## Exercise data
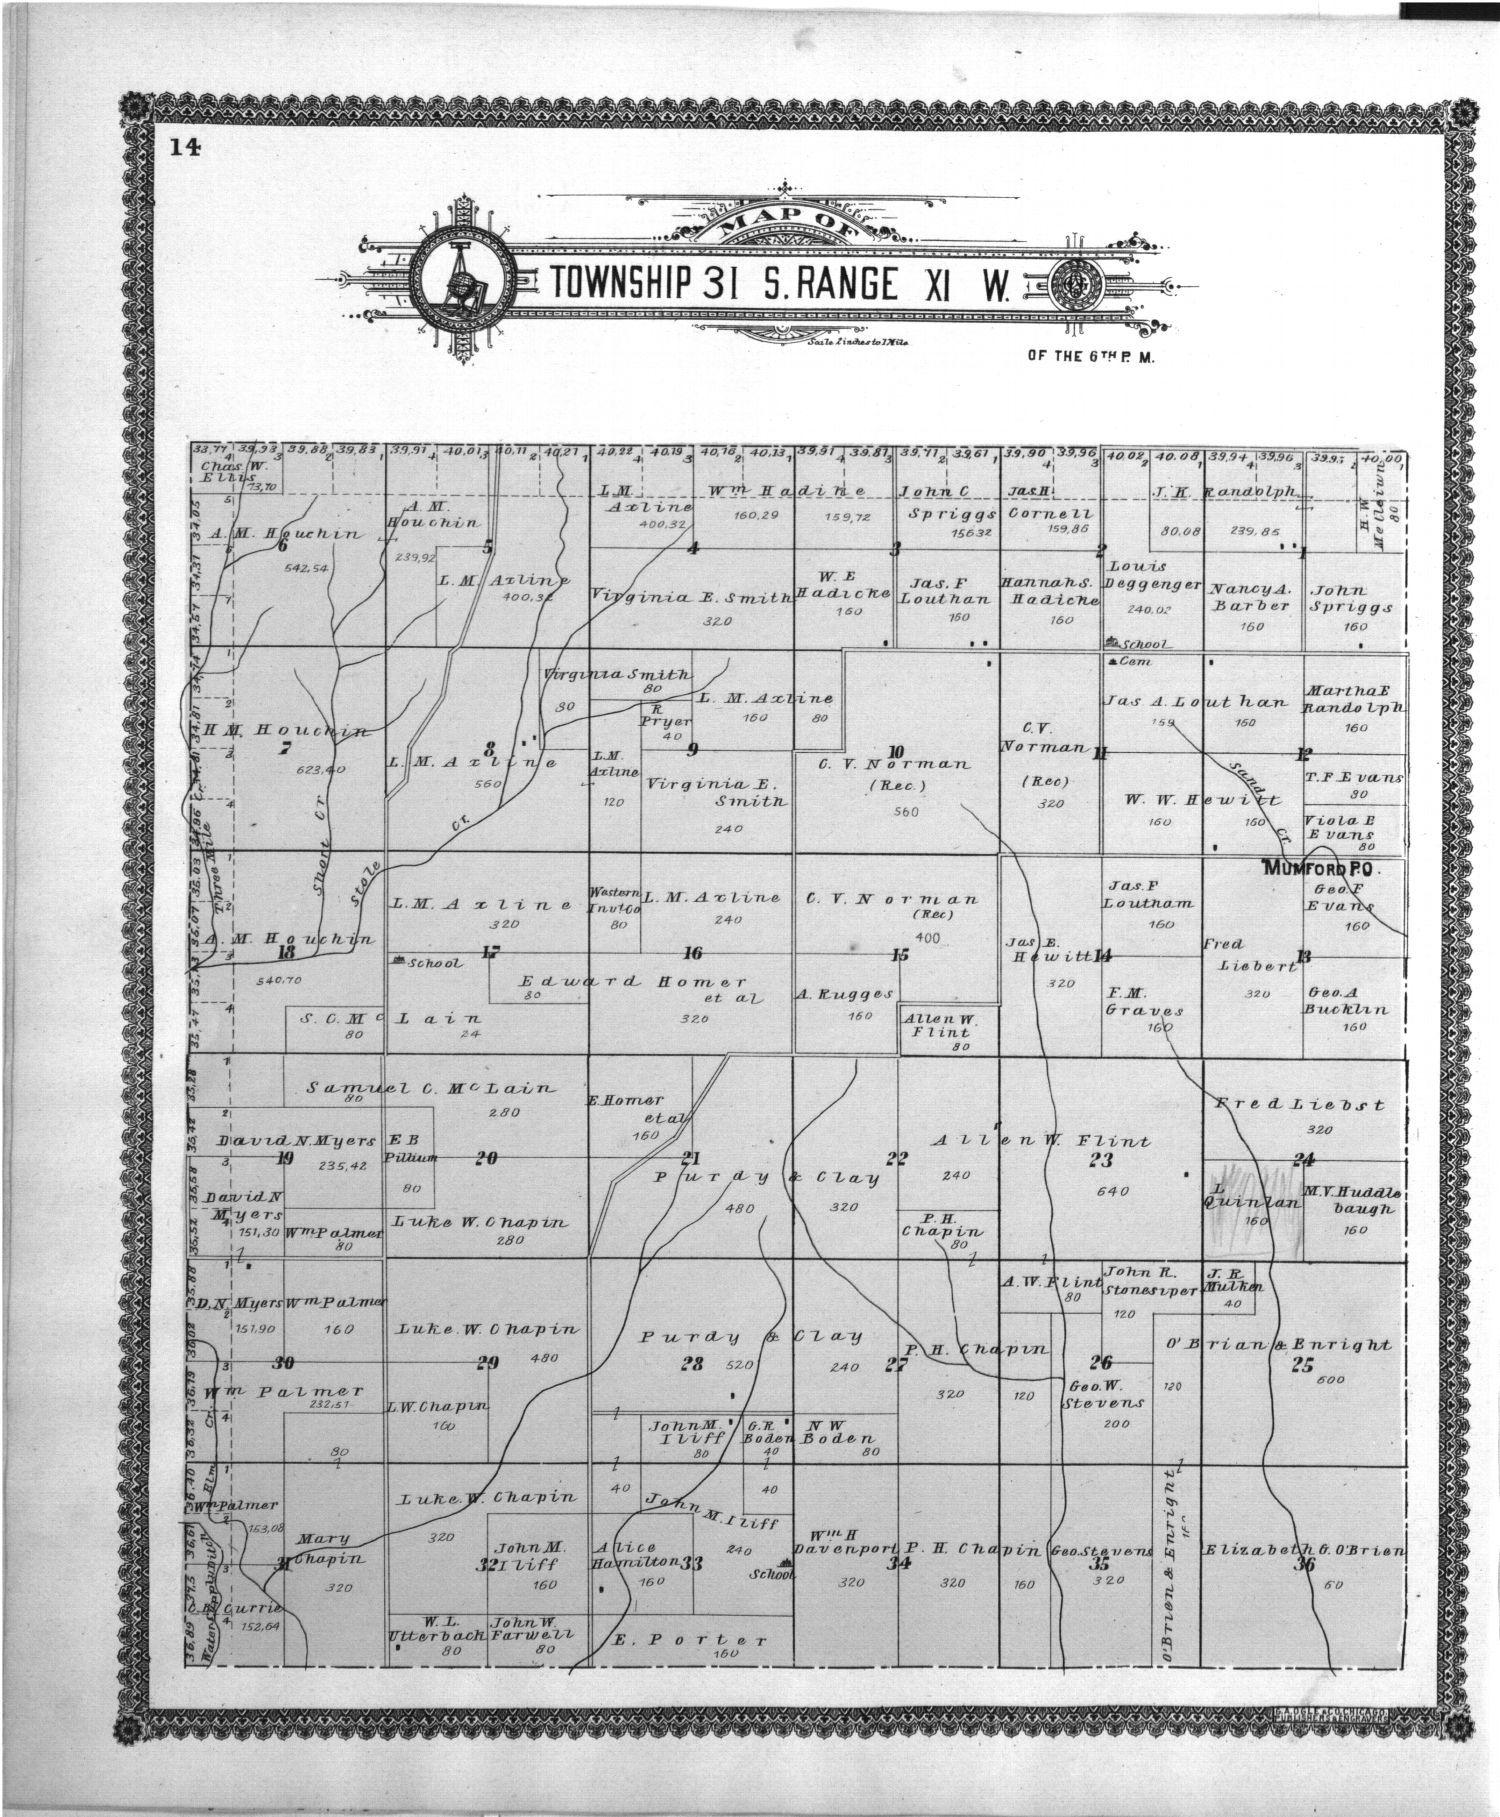 Standard atlas of Barber County, Kansas - 14
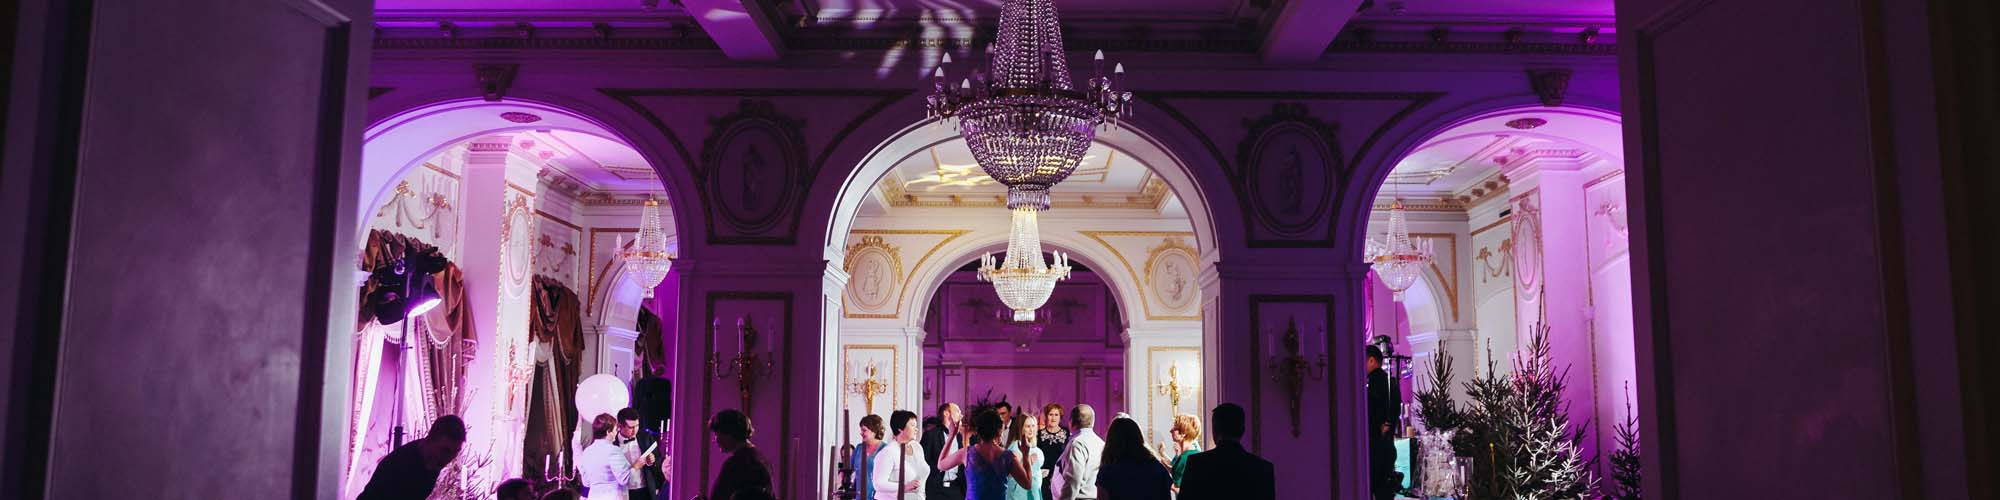 свадьба во дворце сюзора
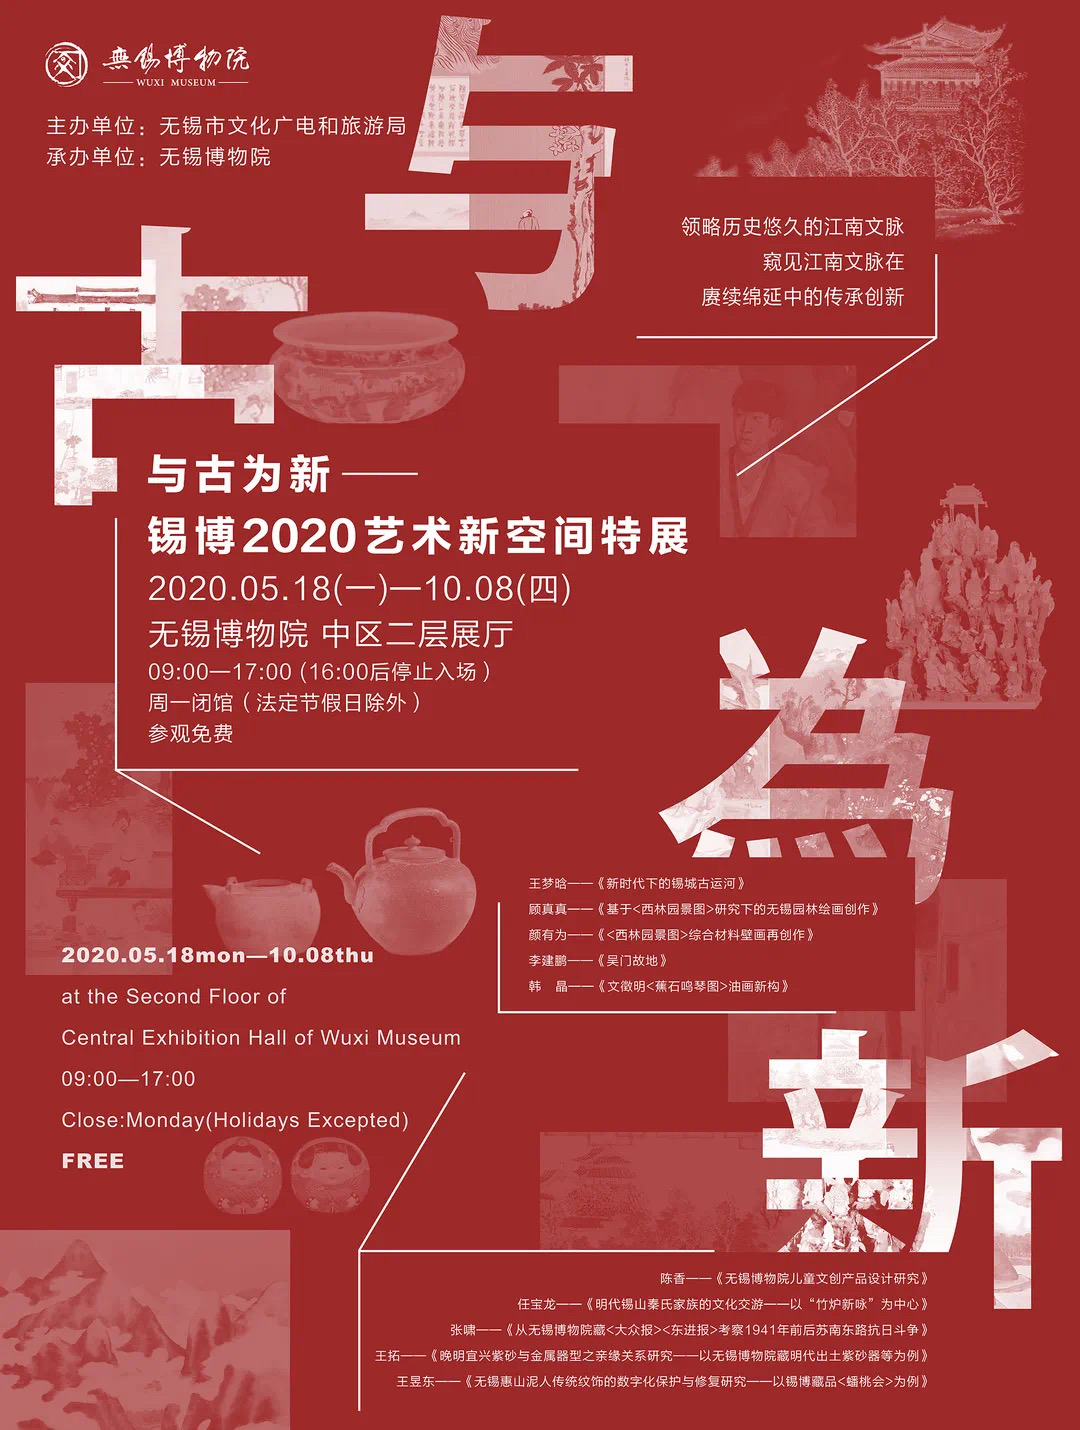 IMG_3003(20200514-161918).JPG

## Problem to solve
Once more, please print the whole listing exactly, omitting each image.

## Answer to the exercise
 Standard atlas of Barber County, Kansas - 14
 свадьба во дворце сюзора
 IMG_3003(20200514-161918).JPG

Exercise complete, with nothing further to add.